# Question of the week?



## born2hunt65 (Jan 22, 2000)

Hi all little break from hunting today. So who muzzle hunts and what do you shoot?


I shoot a remington 700 inline, what a sweet gun. I was using powder but switched over to the pellets boy thats nice. Got my 7 pointer during rifle season opening day hope to get my big buck this muzzle loader seasoN. Good luck to all, Born.


----------



## msiebers (Jan 17, 2000)

I have always shot a TC Renegade in the past, but I never got the thing reliable. 
This year I went to the TC Black Diamond and after a few lousy rounds attributed to a bad scope, I found good load to use that is very accurate and reliable. 


------------------
Mike


----------



## dtbazley (Jan 27, 2000)

A very old TC .45 hawkins. Heavy, damp sencitive, and VERY picky about ball/patch combo but its gotten me over 30 deer. 3 this year.
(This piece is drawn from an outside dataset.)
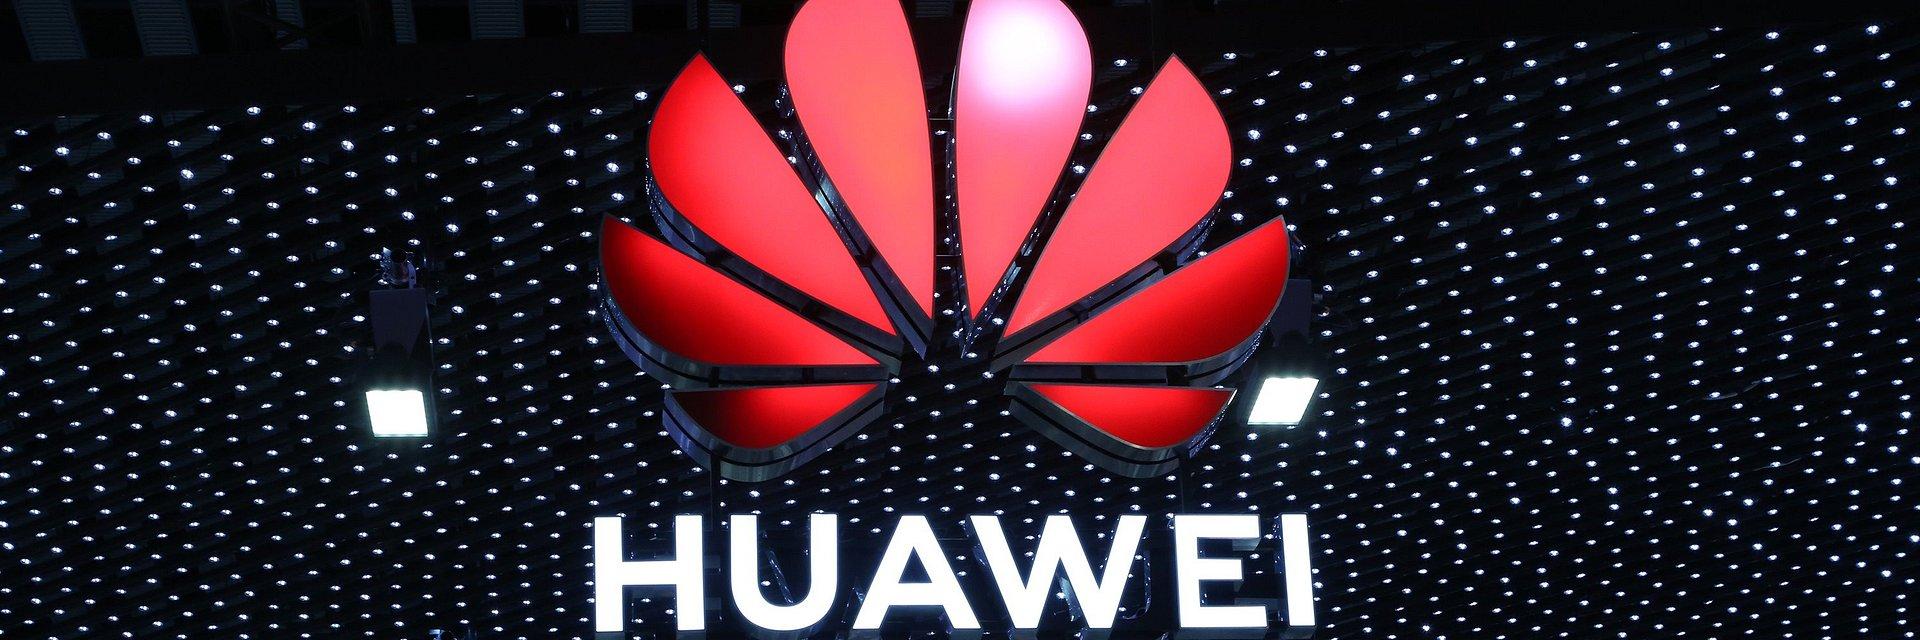 Huawei: 5G dla Europy powstanie w europejskich fabrykach
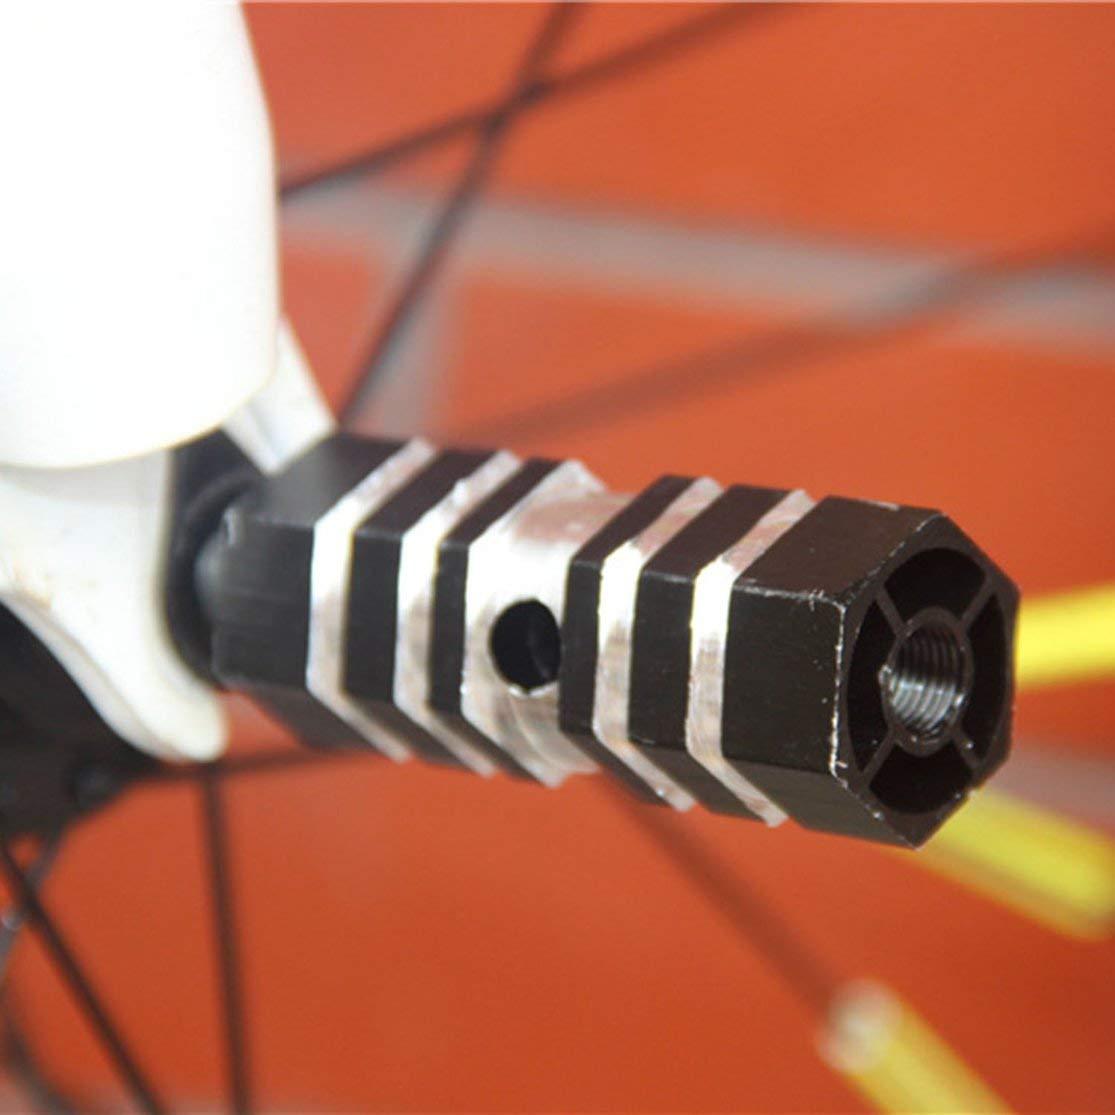 CHANNIKO-ES Soporte de pie de aleaci/ón de Bicicletas Stunt Pegs 2 UNIDS Mountain Road Bicicleta Rueda Trasera Eje Cilindro Pedal Accesorios de Bicicleta

On of these days I'll come up with an excuse to buy an in-line though

------------------
if it walks, crawls,swims,flys or vibrates-moves, has moved or looks like it might move-WHAM


----------



## born2hunt65 (Jan 22, 2000)

You sure can't go wrong with an inline. I'm having a blast with my muzzle loader. I got 9 out of the 10 days off this season and boy am I seeing the deer unlike rifle season. More and more I think muzzle loader season is the way to go. Good luck to all. Born


----------